The claimant believes he should have received a scar award for those parts of his body for which he did not receive an award. The trial commissioner needed to have evidence presented that this scarring was an impediment to the claimant performing his job or obtaining employment to award such benefits. The claimant acknowledges that his case does not include such contemporaneous evidence. Instead, he argues the physical limitations caused by these scars would be an impediment to his future employment prospects. He admits there is no Connecticut precedent supportive of his theory of recovery. He does cite a number of cases from North Carolina where such relief was granted to claimants in that state compensating for the future impact of the injury. The holdings of the North Carolina courts are relevant to this inquiry but are not binding on this panel. Since this is a dispute over the interpretation of a Connecticut statute we are not persuaded precedent from another jurisdiction is authoritative over this issue.
In determining whether a trial commissioner properly applied our statute our scope of inquiry is limited to what the Connecticut legislature intended when it enacted the statute. `”Because of the statutory nature of our workers’ compensation system, policy determinations as to what injuries are compensable and what jurisdictional limitations apply thereto are for the legislature, not the judiciary or the board, to make.’ Stickney v. Sunlight Construction,Inc., 248 Conn. 754, 761 (1999).” Muniz v. Allied Community Resources,Inc., 5025 CRB-5-05-11 (November 1, 2006).
Our inquiry is further limited to application of the “plain meaning” of the text of the statute in accordance with § 1-2z C.G.S. SeeMuniz, supra, and Esposito v. Simkins Industries, Inc., 5065 CRB-3-06-3
(March 1, 2007).
Our examination of the text of § 31-308(c) C.G.S. and the text of Public Act 93-228, which limited the terms of recovery in scarring awards, is supportive of the trial commissioner’s decision.

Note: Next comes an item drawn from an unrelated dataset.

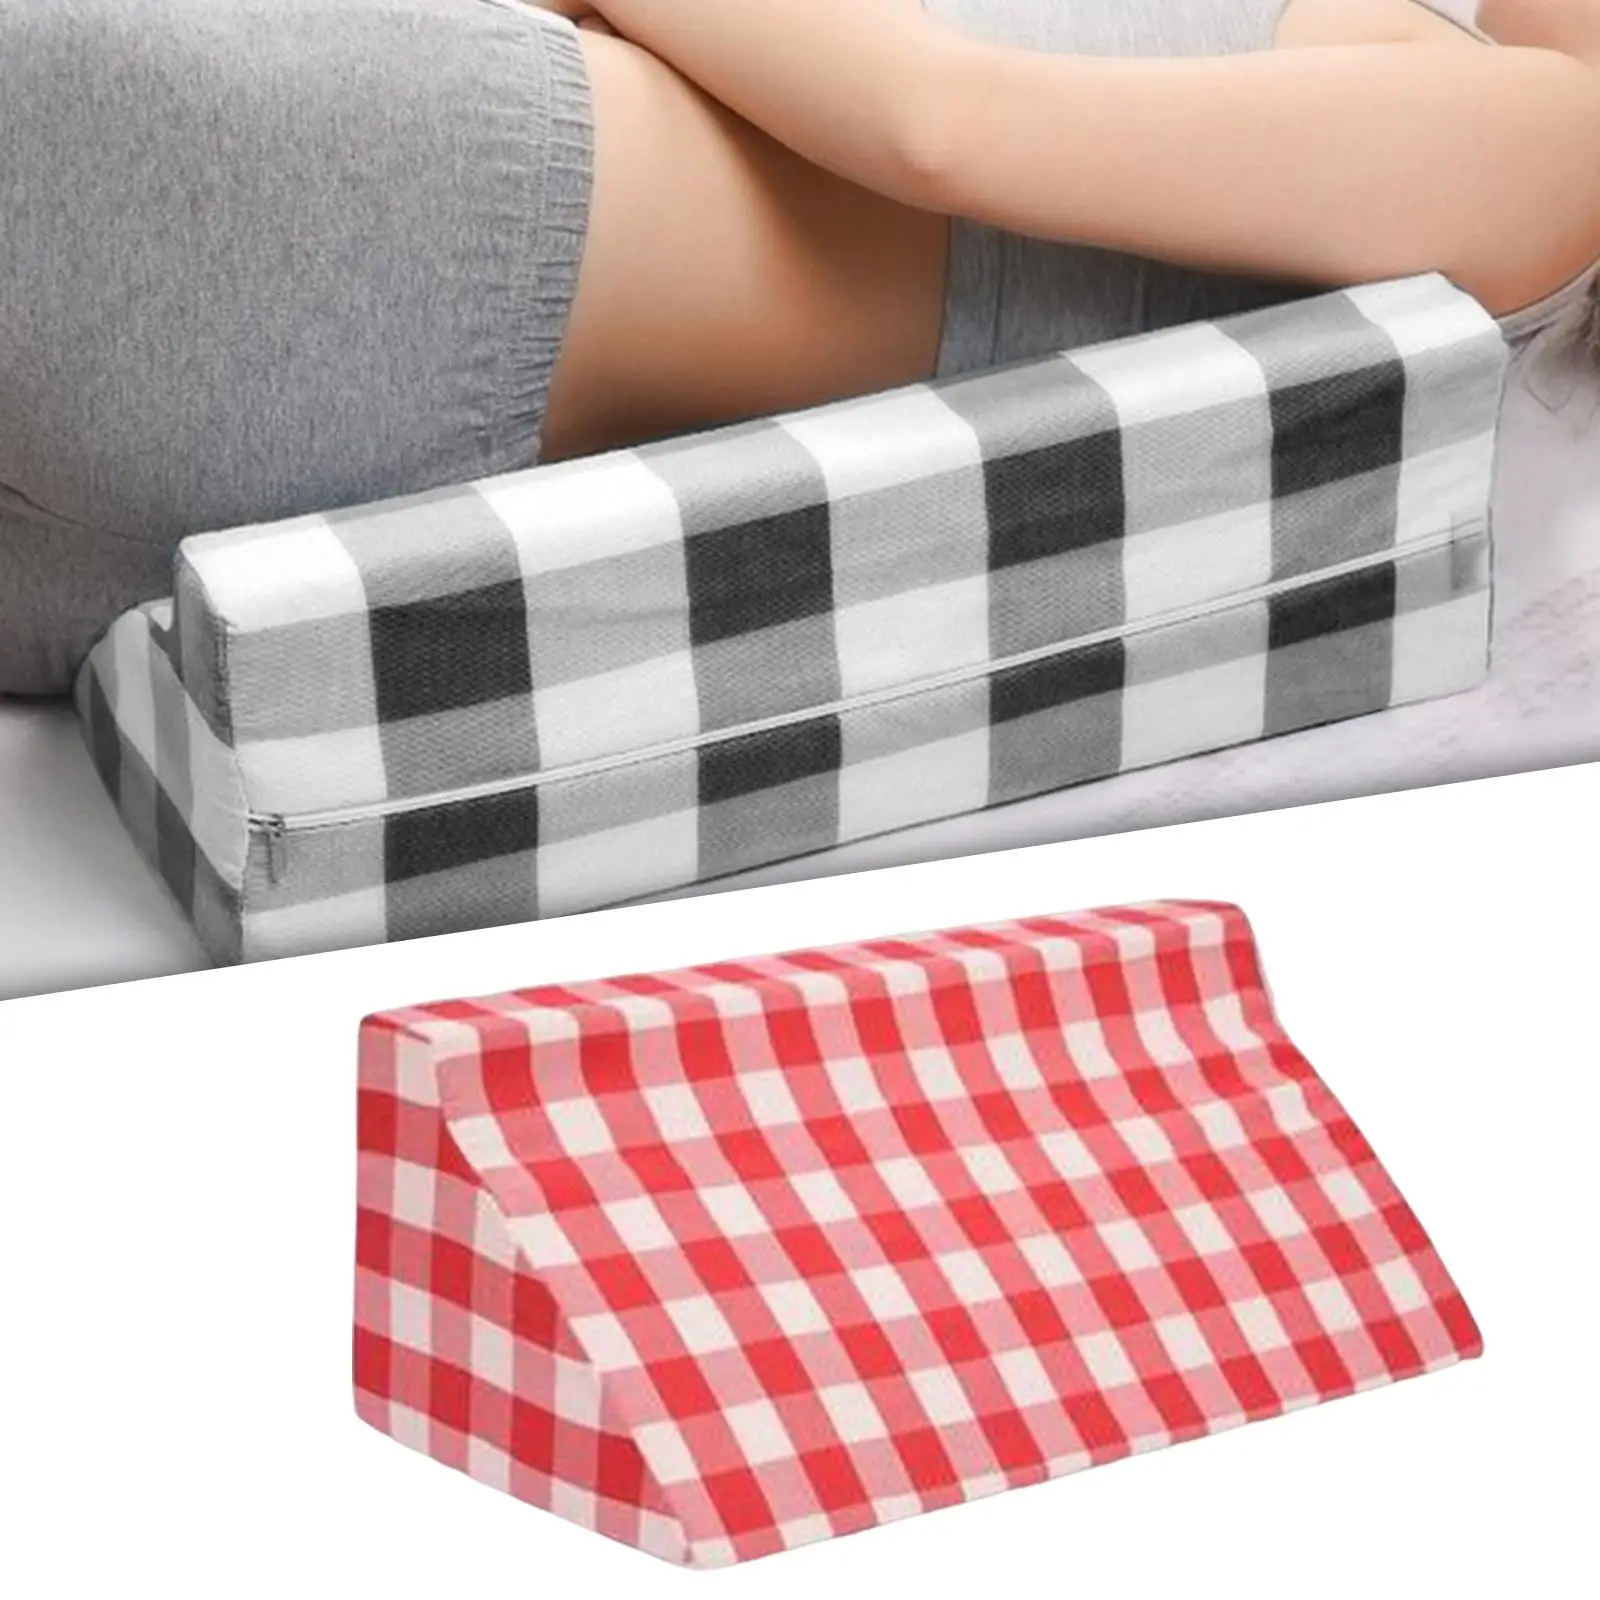 Bed Wedge Pillow Side Sleeping Cushion for Back Washable Slanted for Bedroom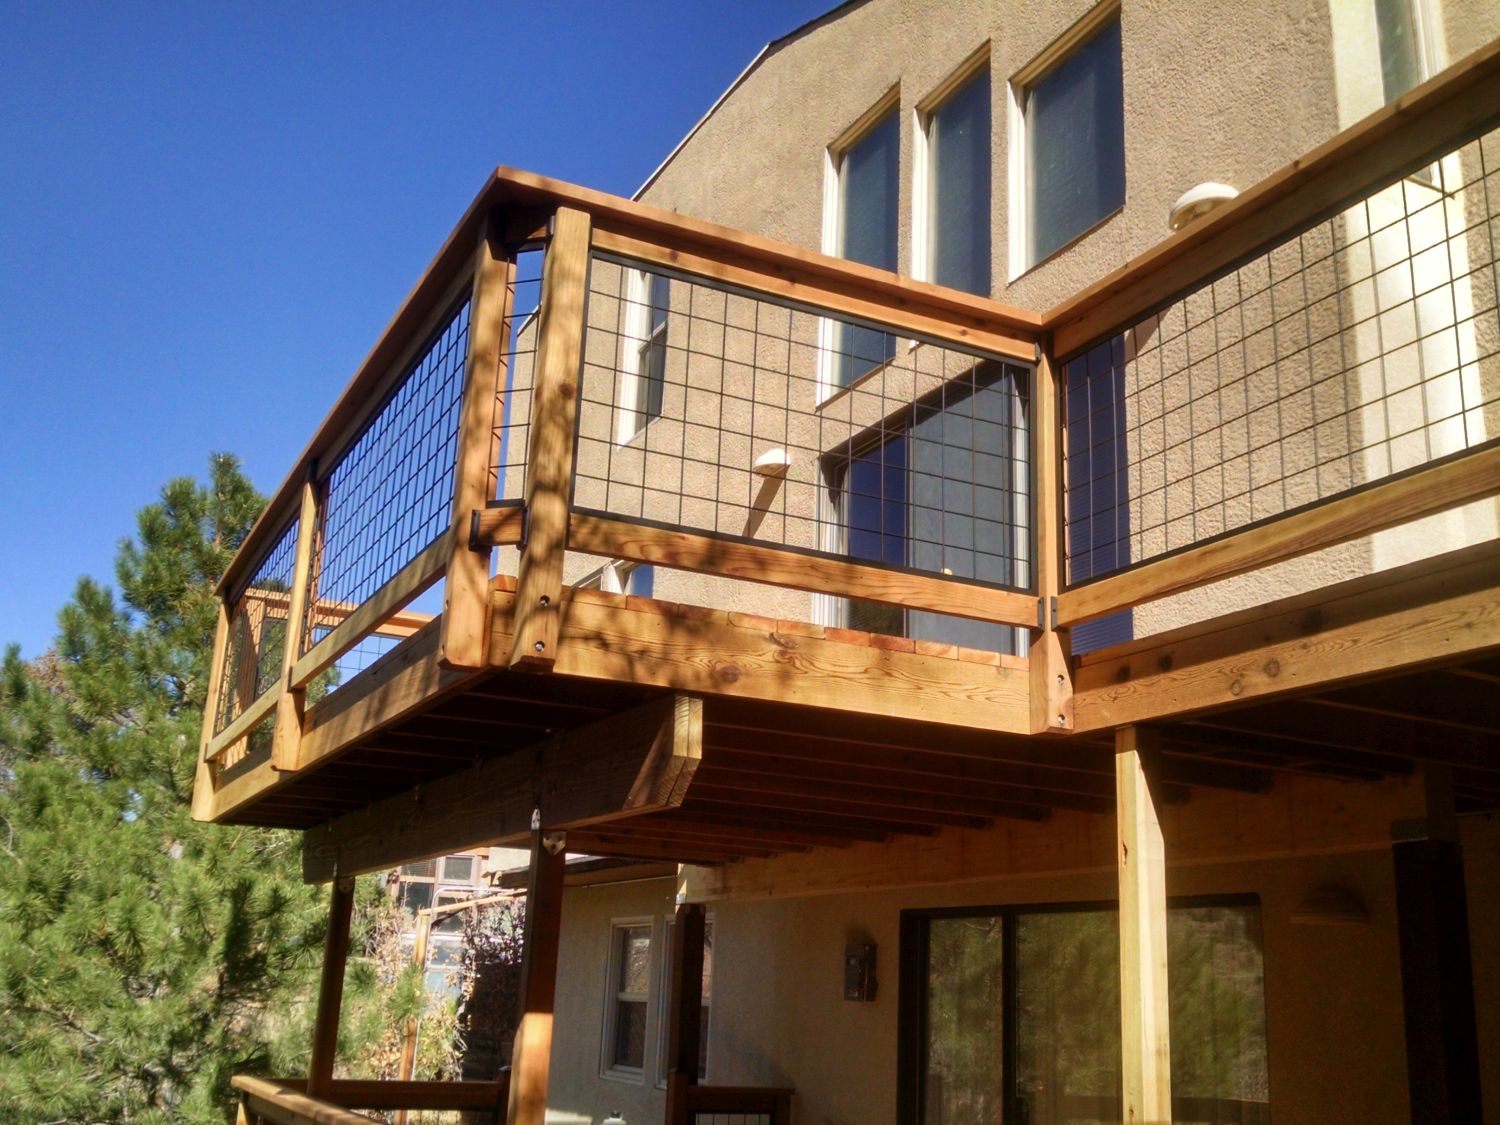 Elevated redwood deck that has a wood railing with Wild Hog metal grid panels installed.

The claimant must produce evidence at the formal hearing that the scars suffered in the compensable accident have hindered his work performance or impeded a job search or limited an identifiable job opportunity. The claimant’s evidence was based on a subjective belief that the scars would prove an impediment to him at some unspecified point in the future.
In light of the evidentiary record presented by the claimant, we cannot second guess the trial commissioner’s conclusions. Her decision demonstrates that she inferred that the claimant’s evidence was simply too speculative to meet his burden of persuasion. Dengler, supra, 446-447. As the respondents point out, she denied the claimant’s Motion to Correct on this very point. We believe Moran v. SouthernConnecticut State University, 4735 CRB-5-03-10 (September 9, 2004) is instructive. “In order to sustain a legal conclusion of liability, a medical opinion must be definite and positive and not merely speculative or likely.” Id. The claimant’s argument is that at some point in the future he may have difficulty keeping or finding suitable employment. We must defer to the trial commissioner’s assessment of the weight of the evidence presented.
For those aforementioned reasons, we affirm the trial commissioner’s Finding and Award/Dismissal and dismiss the appeal.
Commissioners Donald H. Doyle, Jr. and Stephen B. Delaney concur in this opinion.